What is being asked = For the entries that follow, restate word for word the line containing "Under Armour Men's", the line containing "Image of Puma", and every line that lies between them.

Data records =
***

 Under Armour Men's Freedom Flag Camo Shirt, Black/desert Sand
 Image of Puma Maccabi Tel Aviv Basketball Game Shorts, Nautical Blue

***

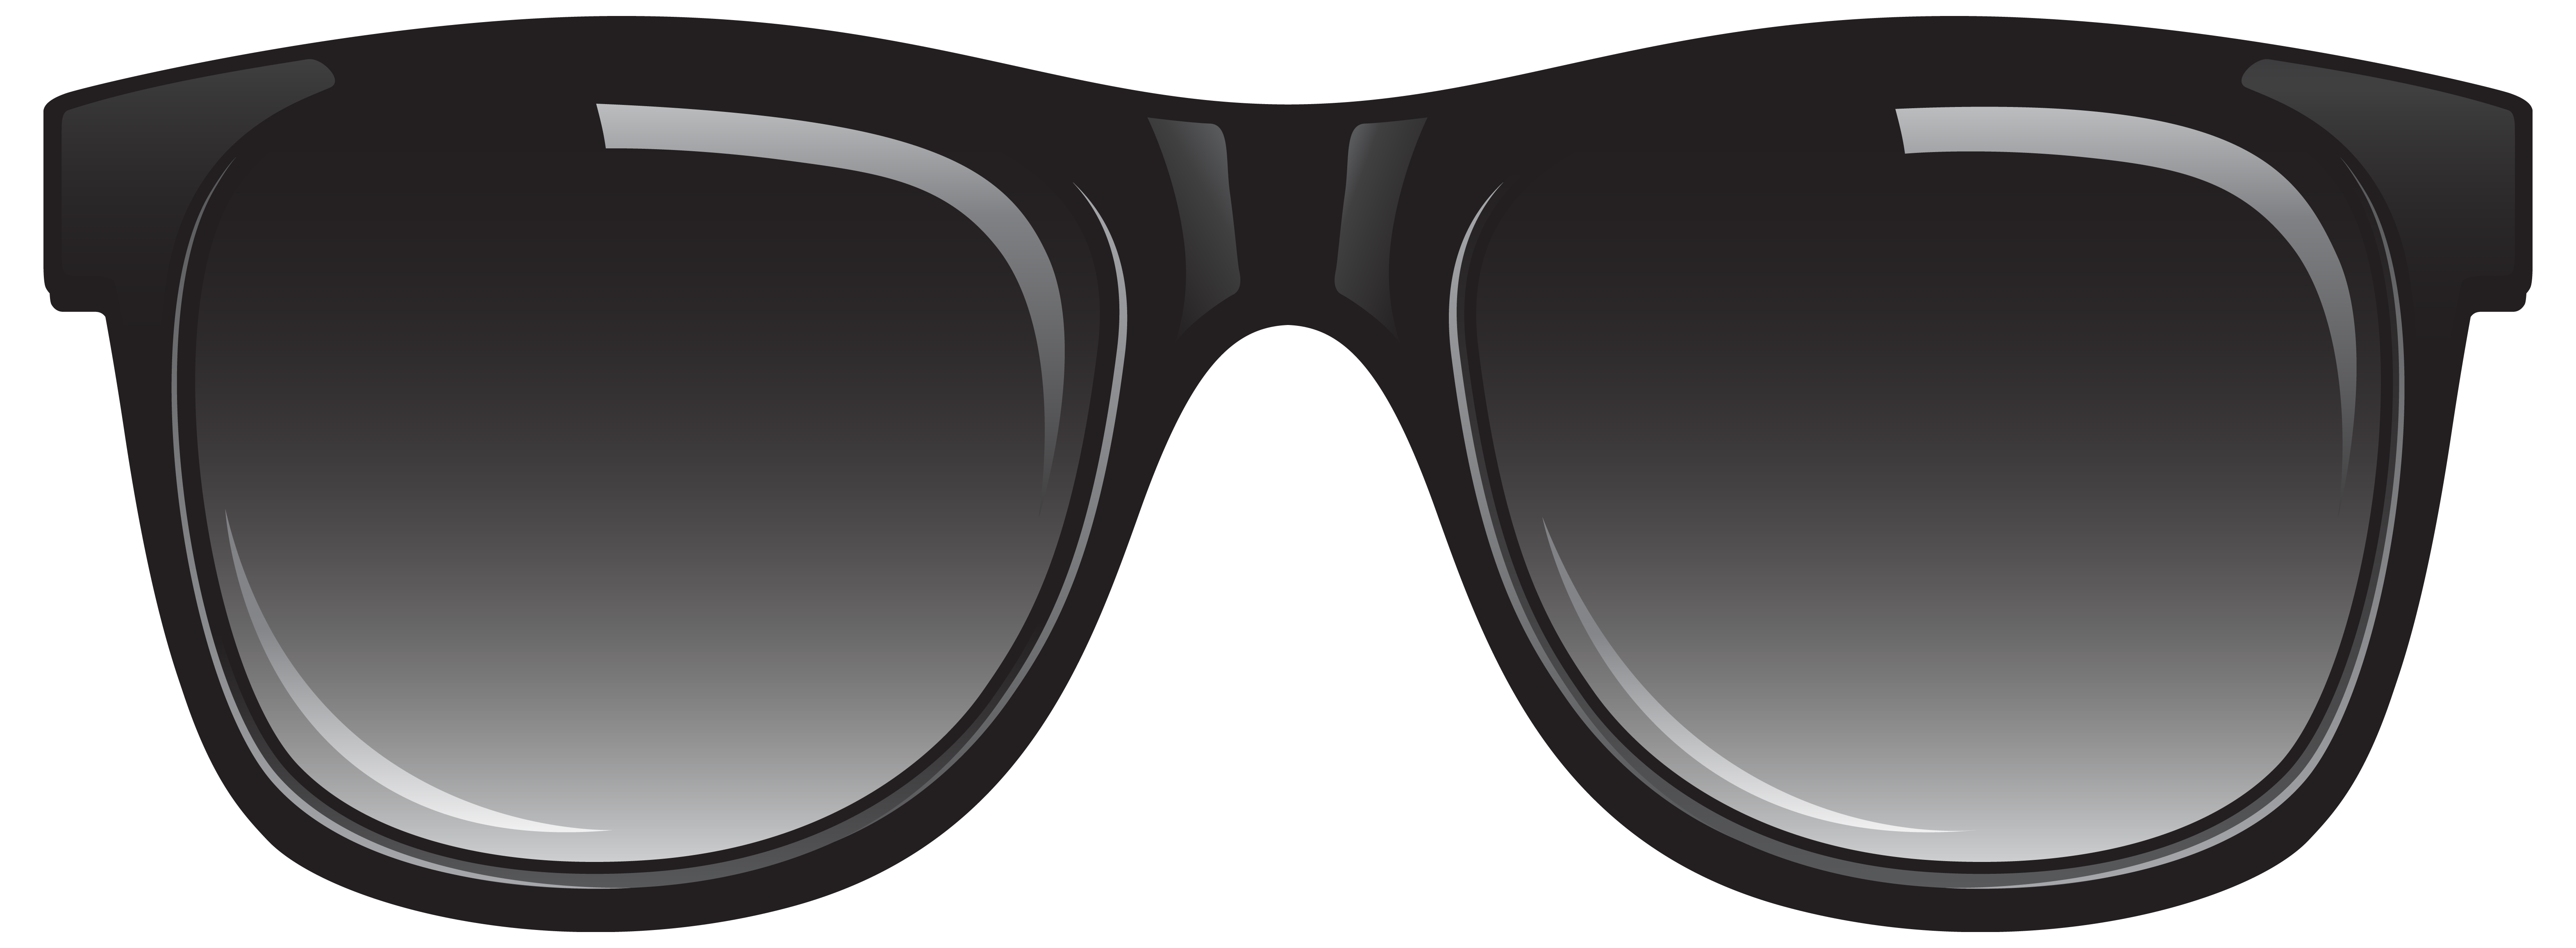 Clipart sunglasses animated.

***

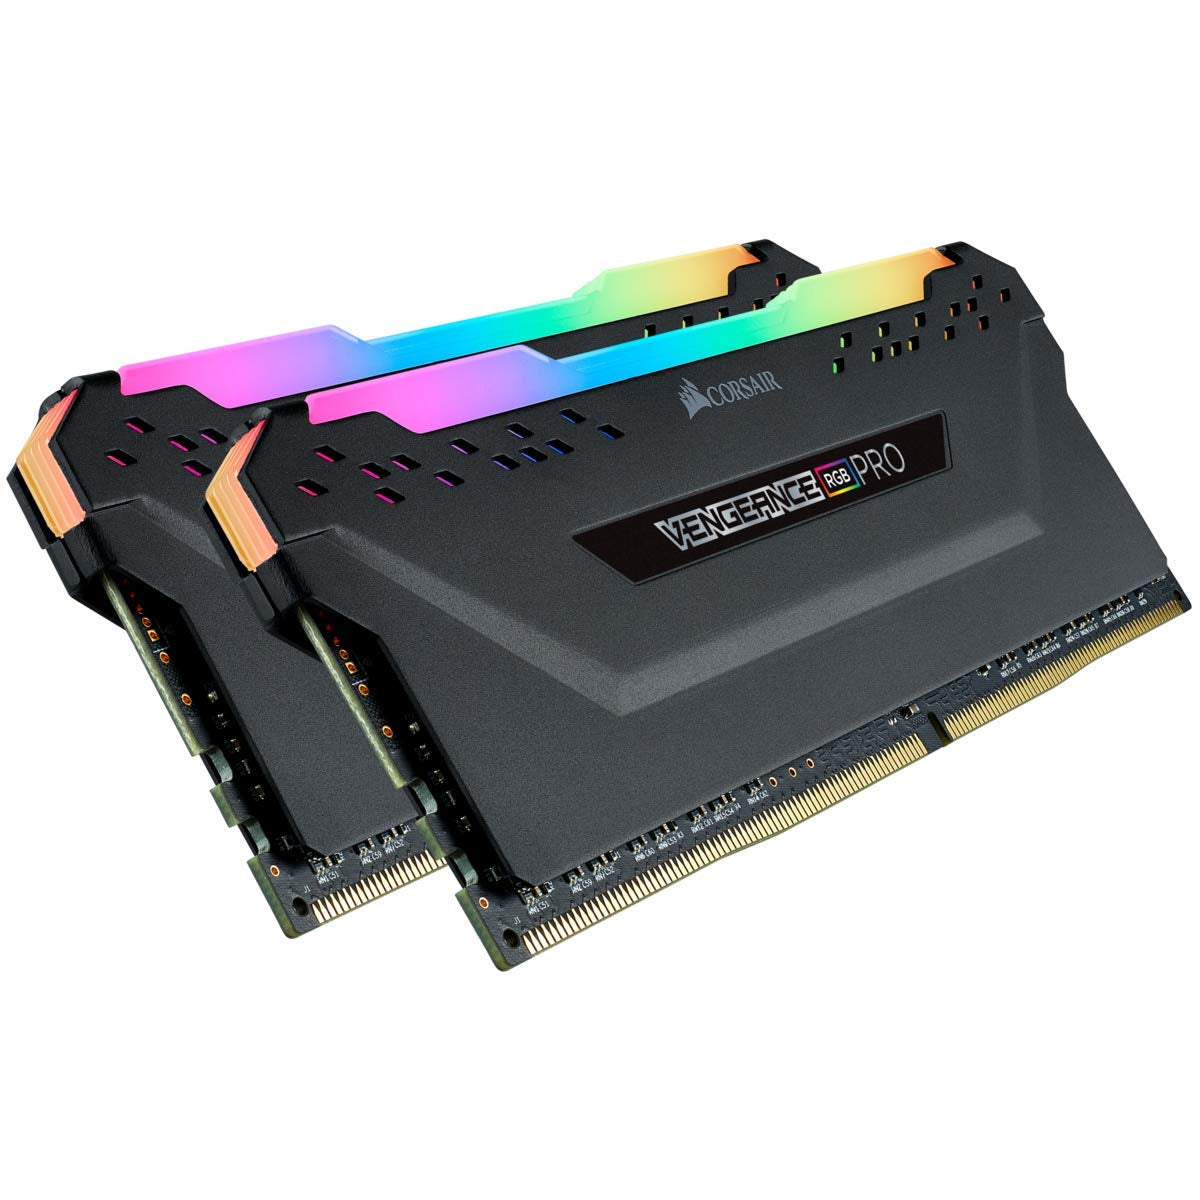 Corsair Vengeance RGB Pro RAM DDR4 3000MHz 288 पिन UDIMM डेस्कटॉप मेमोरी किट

***

Written answer =
 Under Armour Men's Freedom Flag Camo Shirt, Black/desert Sand
 Image of Puma Maccabi Tel Aviv Basketball Game Shorts, Nautical Blue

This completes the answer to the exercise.